See STYLE_REFERENCE.md for comprehensive lexicon of film stocks, cameras, studios, artists, and styles.
Models
| Model | Best For |
|---|---|
gemini-2.5-flash-image |
Speed, iteration, simple generation (1024px fixed) |
gemini-3-pro-image-preview |
Text rendering, complex instructions, high-res (up to 4K), multi-image composition, Google Search grounding |
Defaults: Pro model uses 1K resolution, 1:1 aspect. Confirm with user before changing.
Image Configuration (Pro Only)
Aspect ratios: 1:1, 2:3, 3:2, 3:4, 4:3, 4:5, 5:4, 9:16, 16:9, 21:9
Resolutions: 1K (1024px), 2K (2048px), 4K (~4096px)
Advanced Features
Google Search Grounding (Pro Only)
Enable with --grounding flag when real-time data helps:
- Weather visualizations
- Current events infographics
- Real-world data charts
Multi-Turn Refinement
Use chat for iterative editing instead of perfecting prompts in one shot:
→ "Create a logo for Acme Corp"
→ "Make the text bolder"
→ "Add a blue gradient background"
Semantic Masking
No manual masking needed. Describe changes conversationally:
- "Change the sofa to red leather"
- "Replace the background with a sunset beach"
- "Remove the power lines from the sky"
Scripts
# Generate from prompt
python scripts/generate_image.py "prompt" output.png [--model MODEL] [--aspect RATIO] [--size SIZE] [--grounding]
# Edit existing image
python scripts/edit_image.py input.png "instruction" output.png [--model MODEL] [--aspect RATIO] [--size SIZE]
# Compose multiple images
python scripts/compose_images.py "instruction" output.png img1.png [img2.png ...] [--model MODEL] [--aspect RATIO] [--size SIZE]
# Interactive multi-turn chat
python scripts/multi_turn_chat.py [--model MODEL] [--output-dir DIR]
Models: gemini-2.5-flash-image (default), gemini-3-pro-image-preview
Core API Pattern
from google import genai
from google.genai import types
client = genai.Client(api_key=os.environ["GEMINI_API_KEY"])
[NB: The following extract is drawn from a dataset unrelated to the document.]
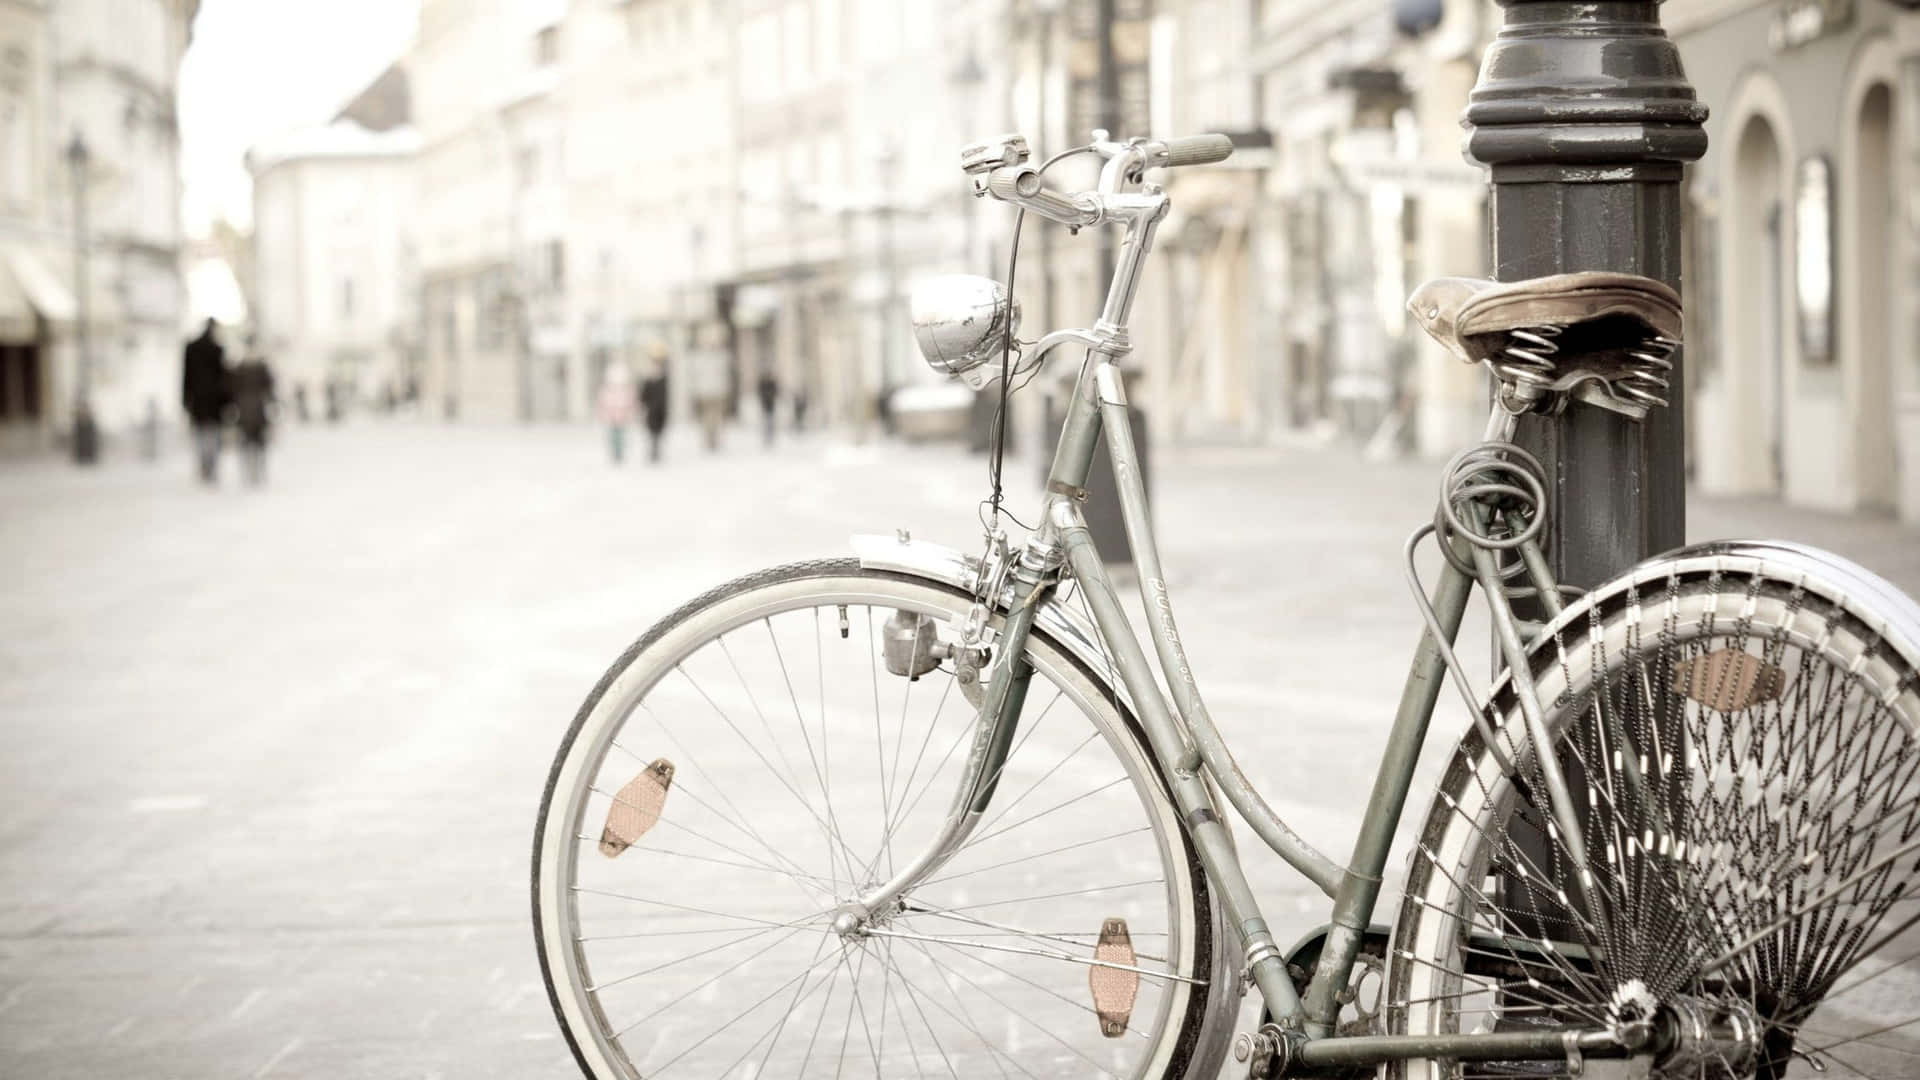 Bicicletaurbana Vintage Para Escritorio Fondo de pantalla
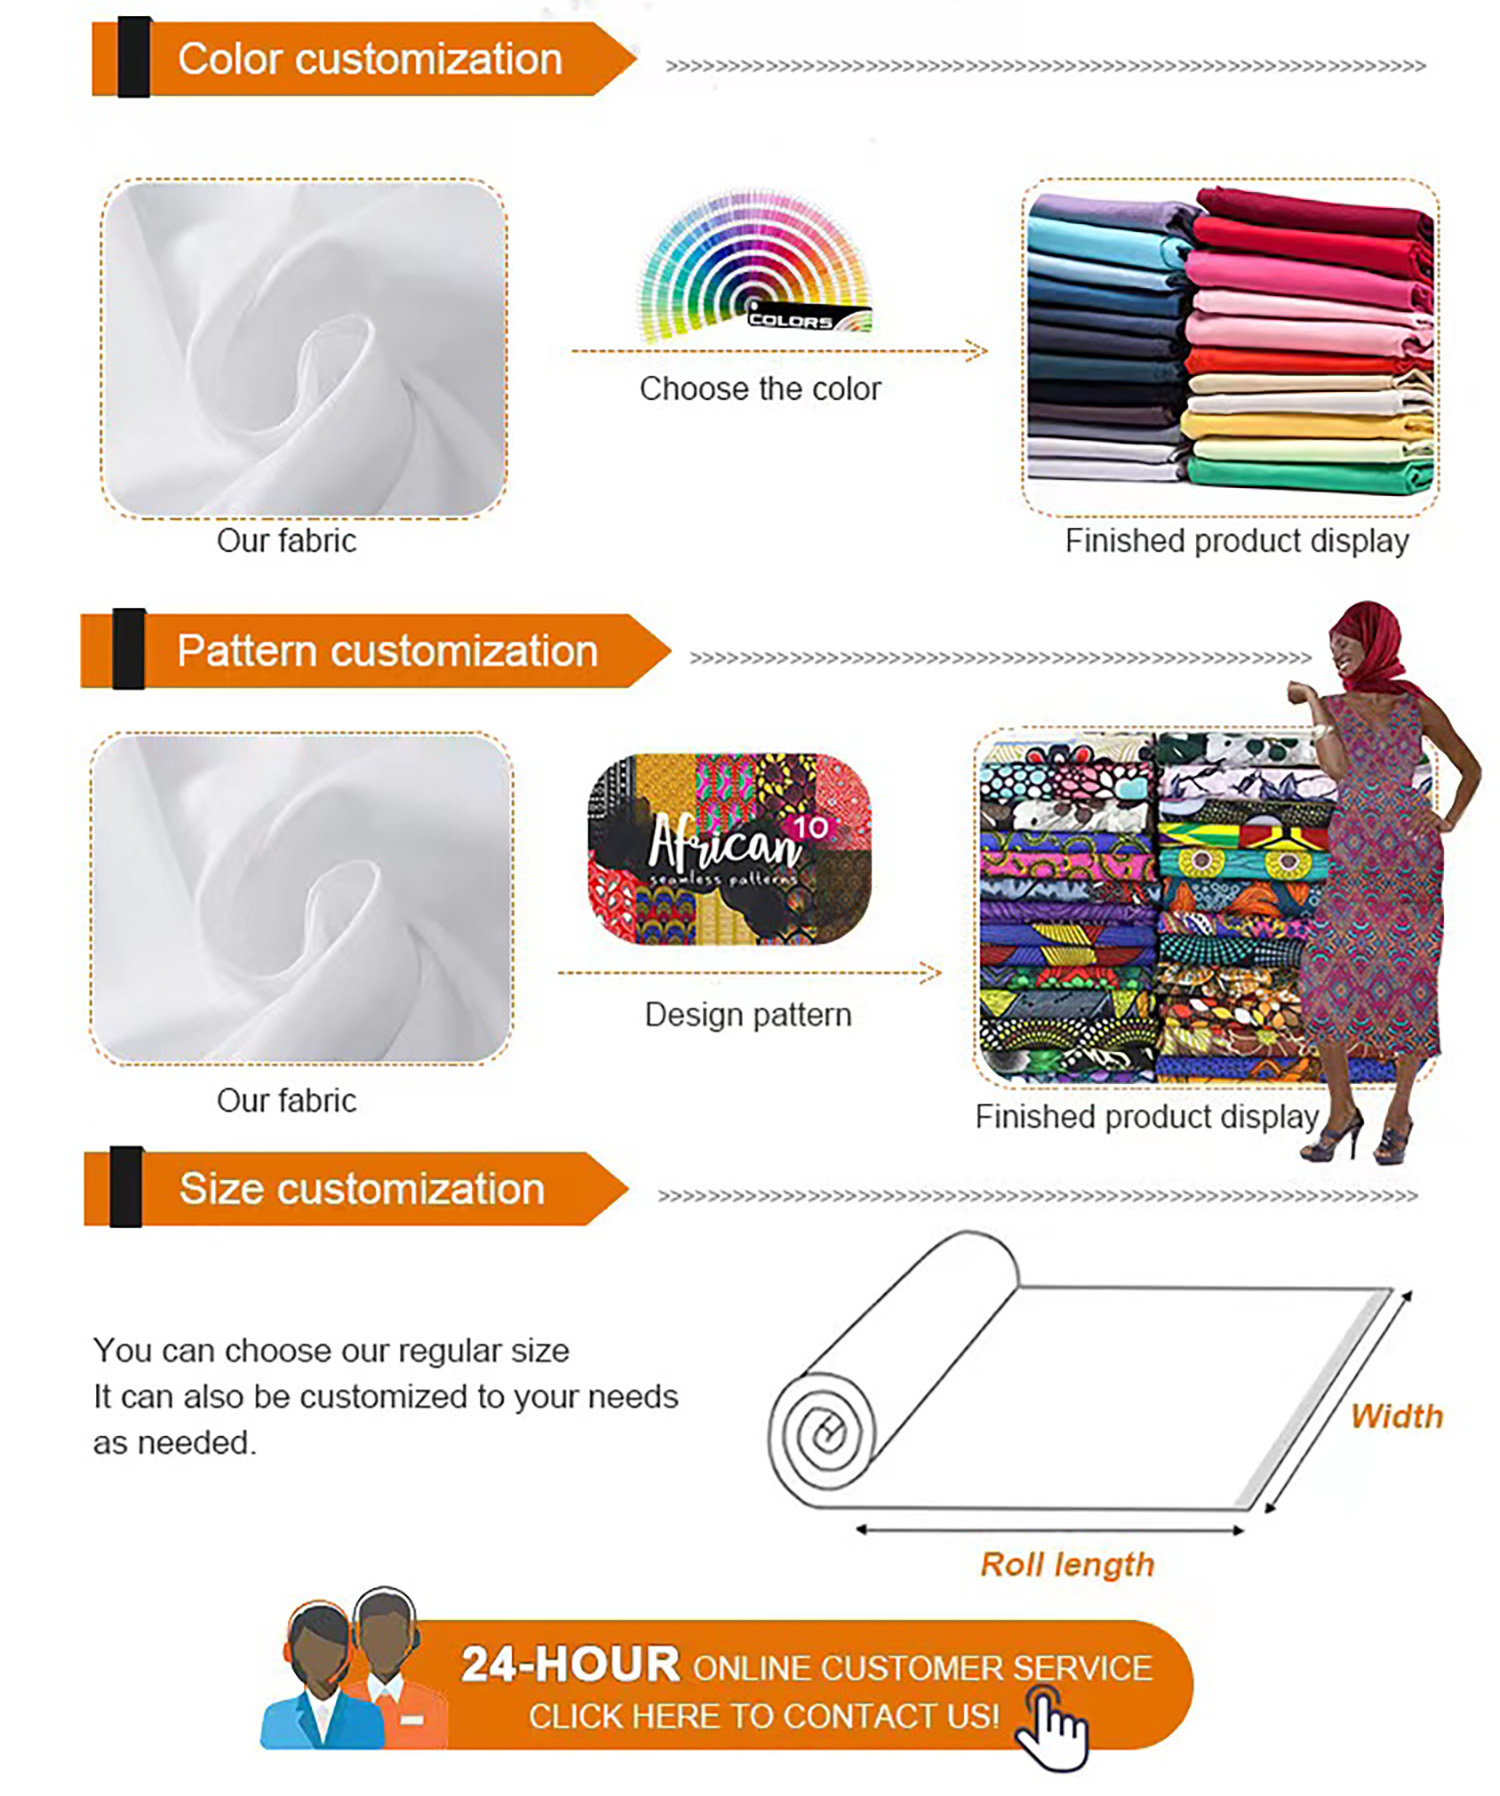 Brooklyn Museum: Dream Weavers: The Designers Revolutionizing African Textiles

response = client.models.generate_content(
model="gemini-2.5-flash-image",
contents=["Your narrative prompt here"],
config=types.GenerateContentConfig(response_modalities=["TEXT", "IMAGE"])
)
for part in response.parts:
if part.inline_data:
# Save image from part.inline_data.data
For Pro model with configuration:
config=types.GenerateContentConfig(
response_modalities=['TEXT', 'IMAGE'],
image_config=types.ImageConfig(aspectRatio="16:9", imageSize="2K"),
tools=[{"google_search": {}}] # Optional grounding
)
Quick Checklist
Before generating:
- Narrative description (not keyword list)?
- Camera/lighting details for photorealism?
- Text in quotes, font style described?
- Right model for task (Pro for text/complex)?
- Aspect ratio appropriate for use case?
- User preference: prescriptive or open?